**TASK REQUIREMENTS:** Print the whole listing below exactly, skipping every picture.

**STORED DATA:**

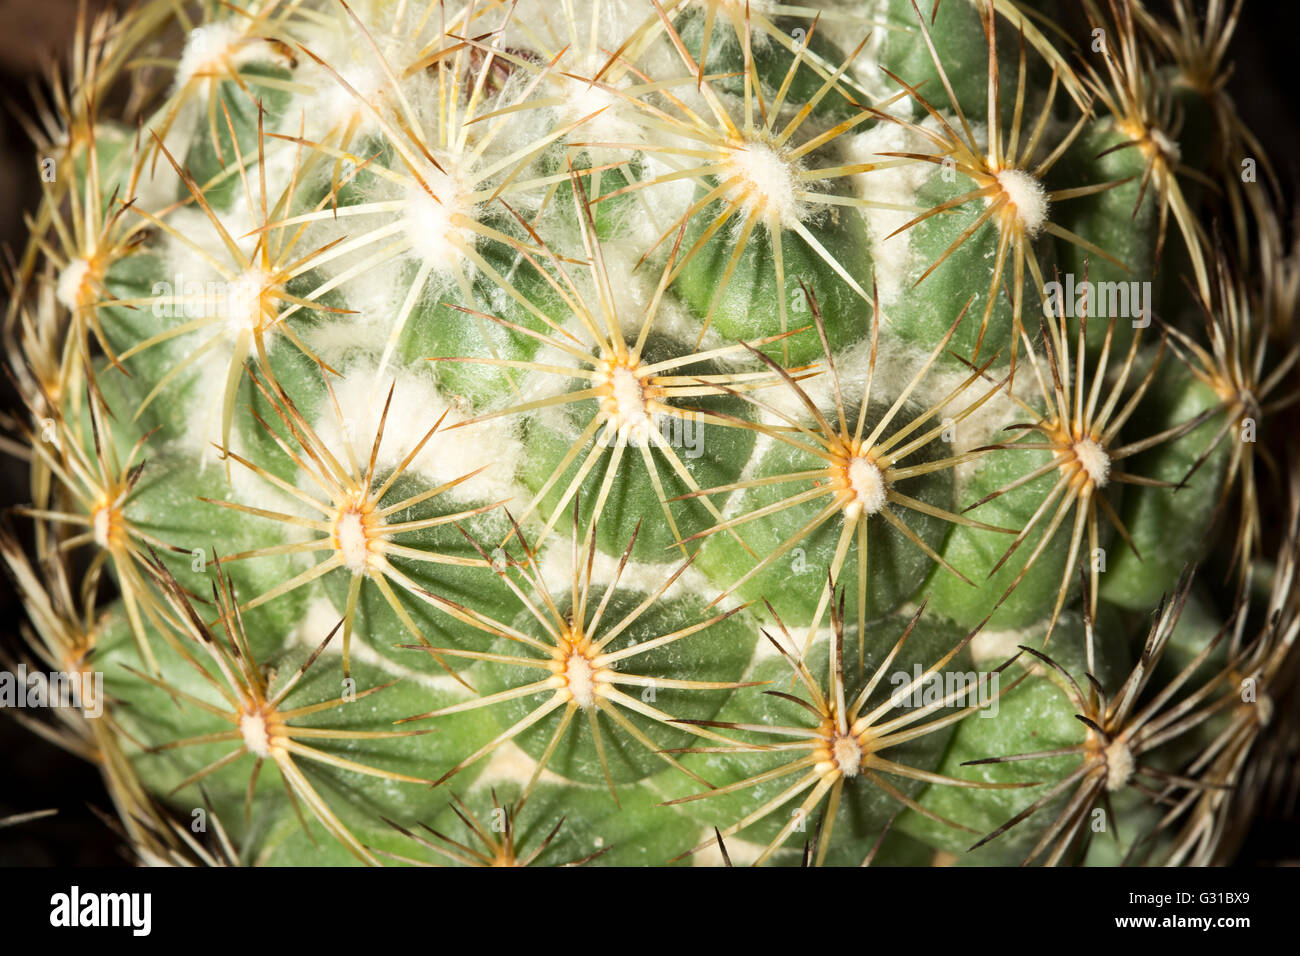 Closeup view of a Coryphantha pallida succulent plant known as beehive cactus Stock Photo
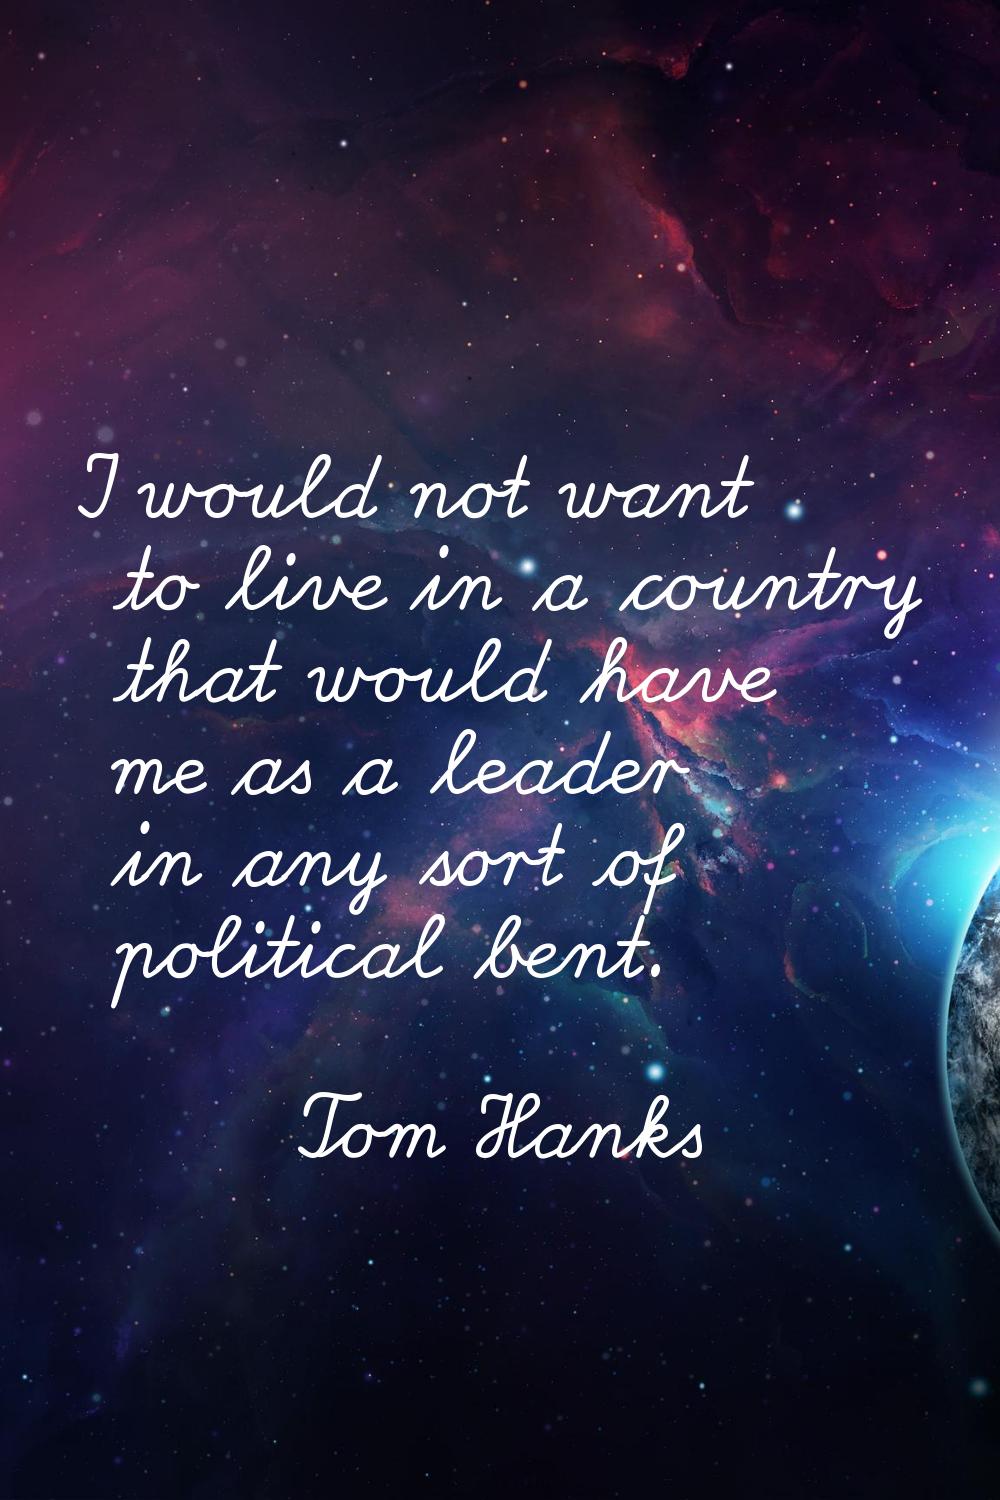 I would not want to live in a country that would have me as a leader in any sort of political bent.
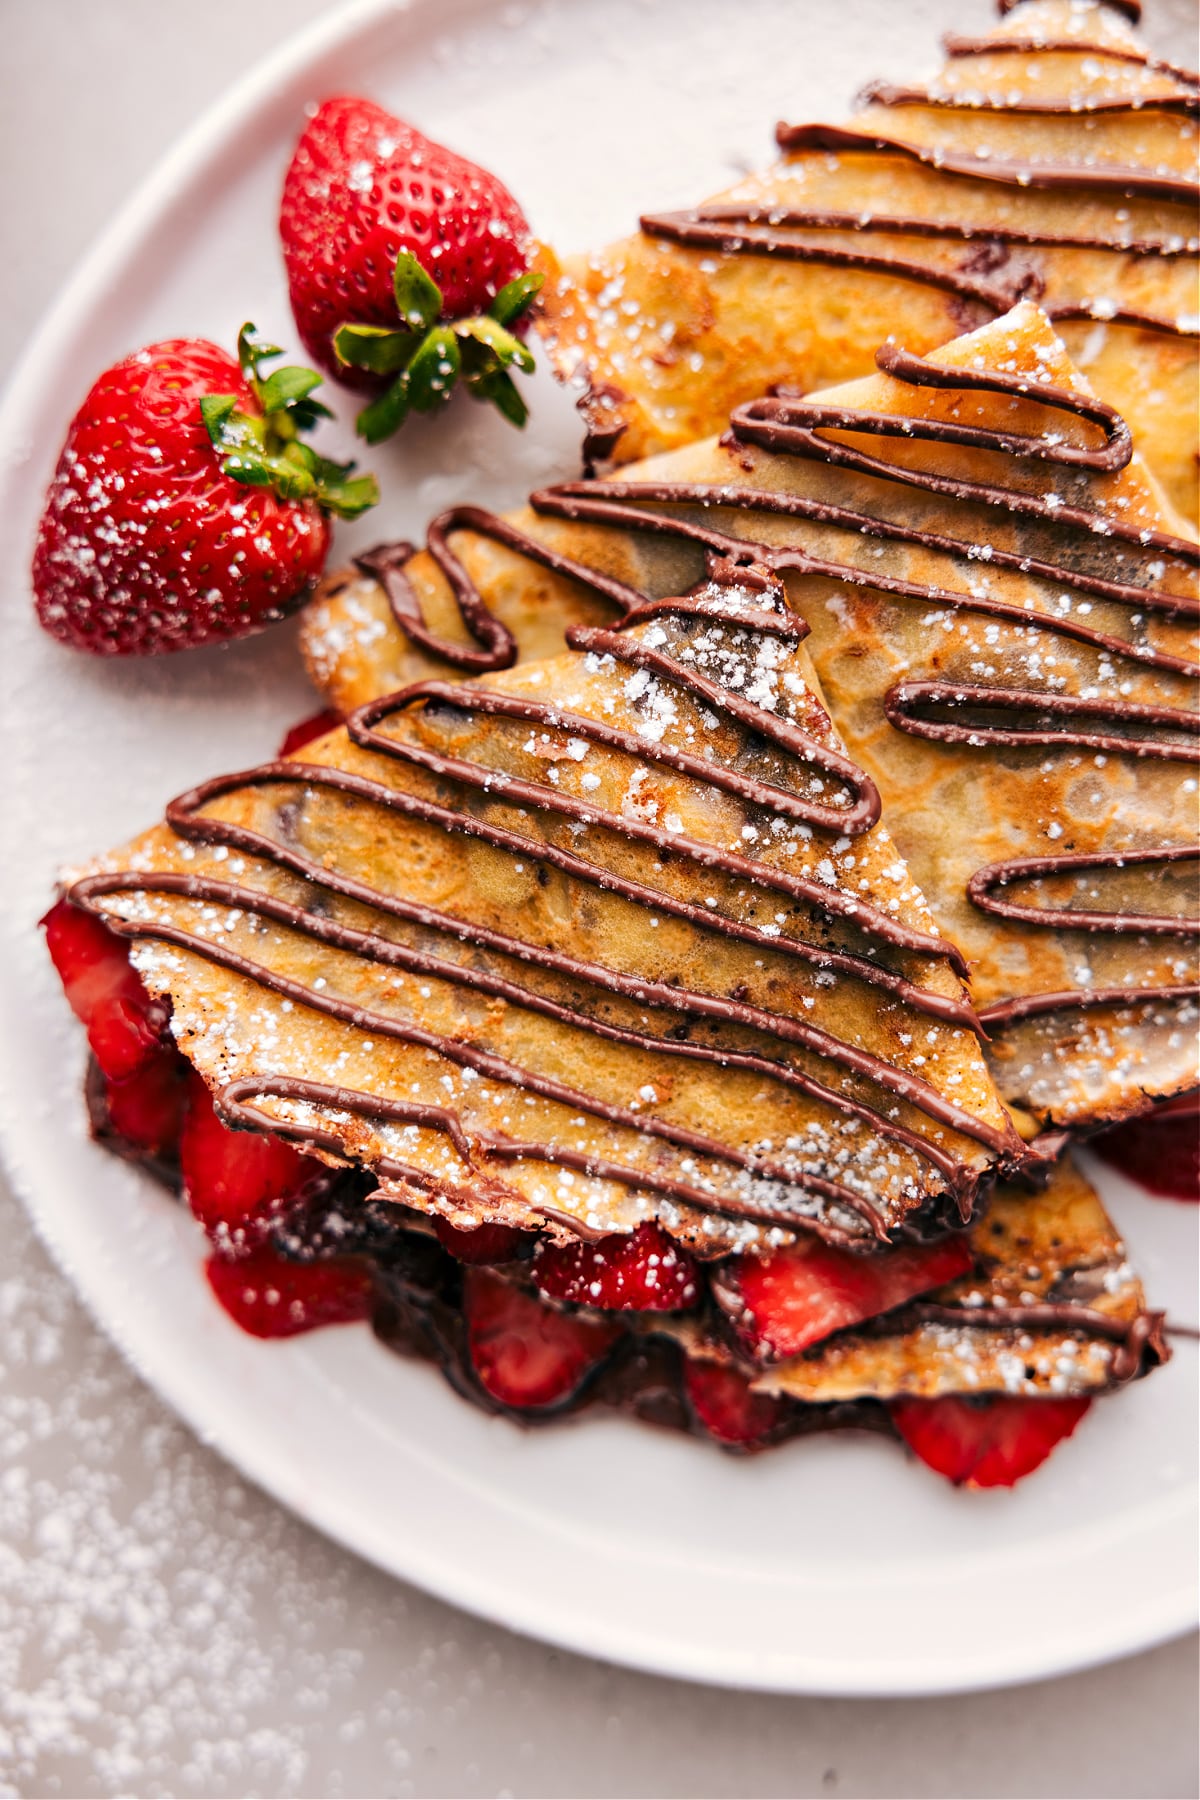 Chocolate and Strawberry Crepes Recipe

**RESPONSE TO THIS EXERCISE:**
 Closeup view of a Coryphantha pallida succulent plant known as beehive cactus Stock Photo
 I would not want to live in a country that would have me as a leader in any sort of political bent.
 Chocolate and Strawberry Crepes Recipe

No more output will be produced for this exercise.